Maximilien Luce
b. 1858, Paris, France
d. 1941, Paris, France
Maximilien Luce was a Neo-Impressionist painter born into a Parisian family of artisans. When he was fourteen years old, Luce began apprenticing with a wood engraver, and in 1876 he began working in the studio of printmaker Eugène Froment. However, Luce also began to take drawing and painting classes at night, and by 1880 he had dedicated himself to painting.

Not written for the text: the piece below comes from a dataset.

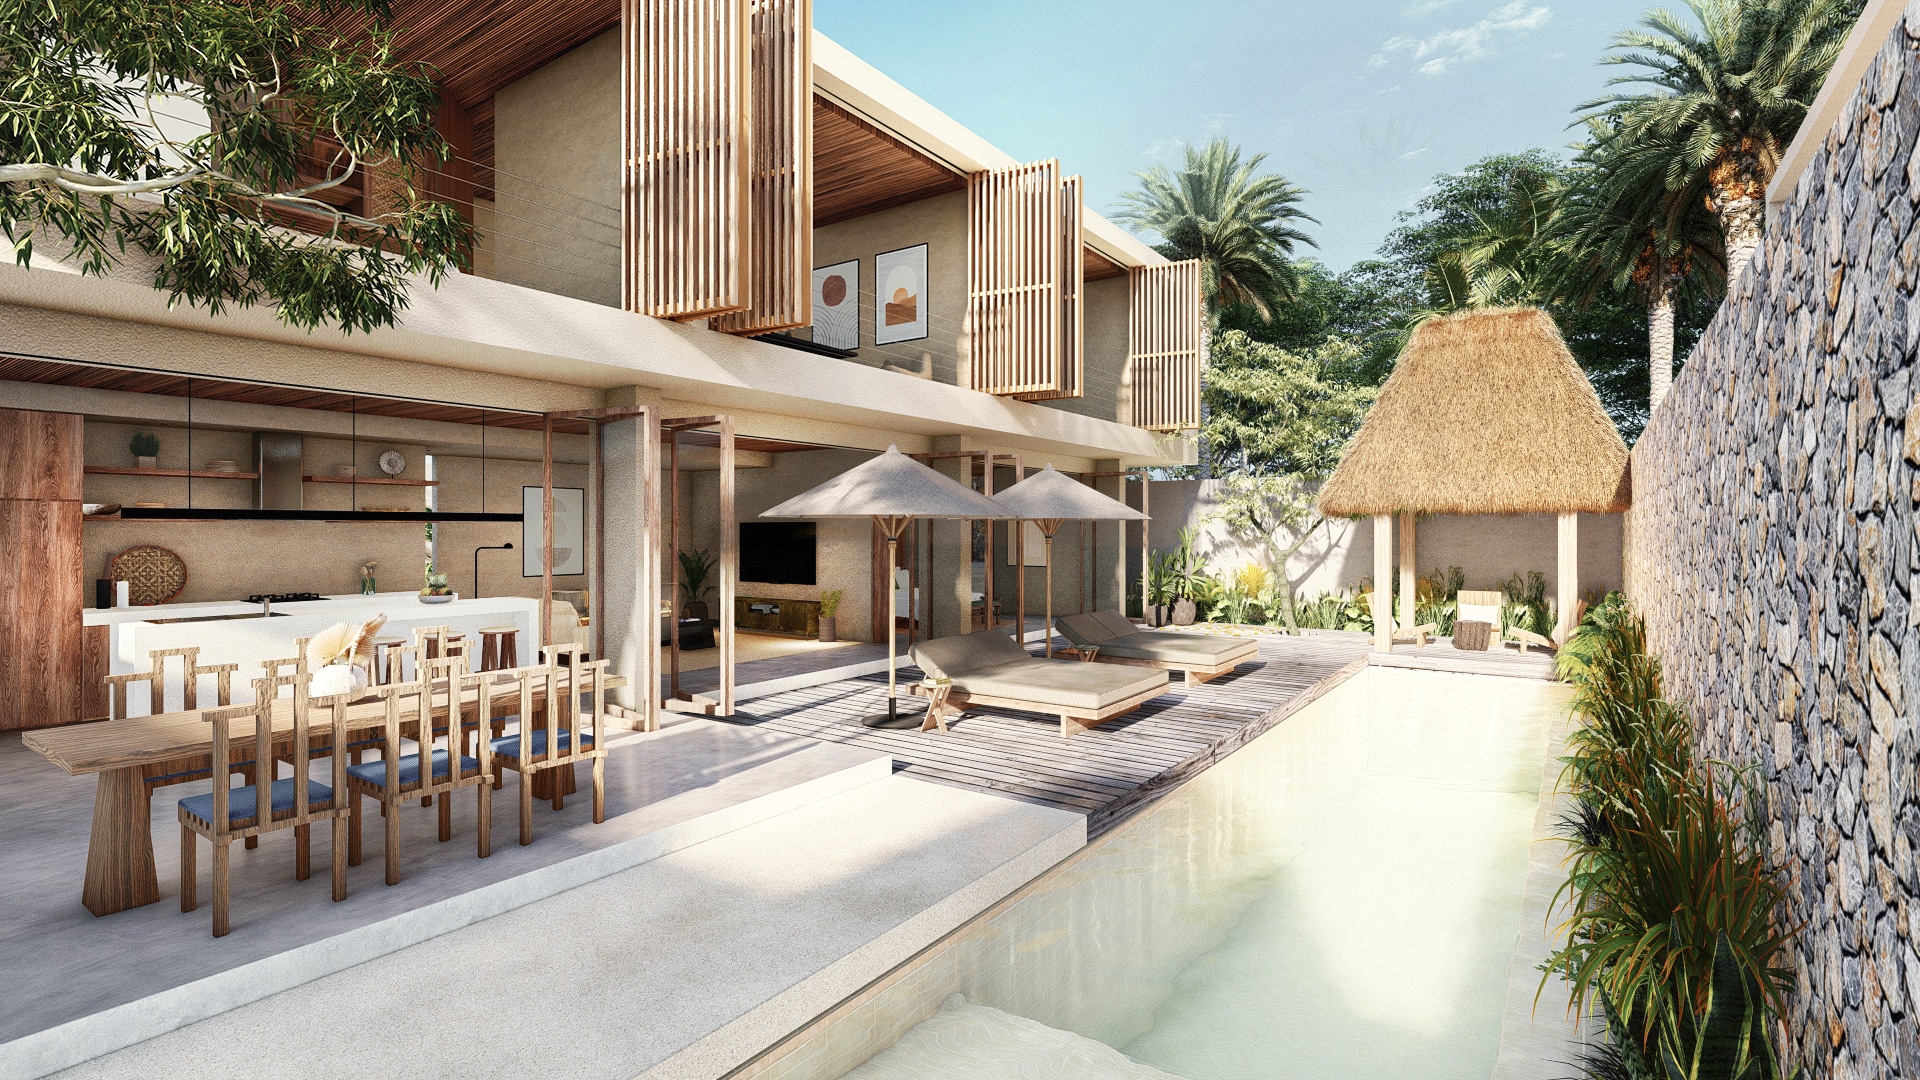 Design Assembly - Labuan Bajo Villas - Bali Architect - Interior Design - Villa - Swimming Pool

Luce befriended Camille Pissarro, who introduced him to the other Parisian Neo-Impressionists, including Georges Seurat and Paul Signac. Luce adopted their Divisionist technique of painting, applying color through separated, short brushstrokes, and began exhibiting his works at the Salons des Artistes Indépendants. He was even inducted into the Société des Artistes Indépendants, and given an official position on the board. However, he soon resigned from the society due to his political activism—he protested the society's refusal to allow Jewish artists to exhibit at the Salons. Indeed, Luce was a zealous leftist who frequently wrote for anarchist and socialist publications. He was even arrested and briefly detained by the French police, who deemed him a "dangerous anarchist." Luce died in his Paris home at the age of eighty-three; only a few months later the Bibliothèque Nationale de France held a retrospective exhibition for the artist. His work is now in public collections throughout the world, including the Musée d'Orsay and the National Museum of Modern Art, Paris; the National Gallery, Oslo; and the Minneapolis Institute of Art.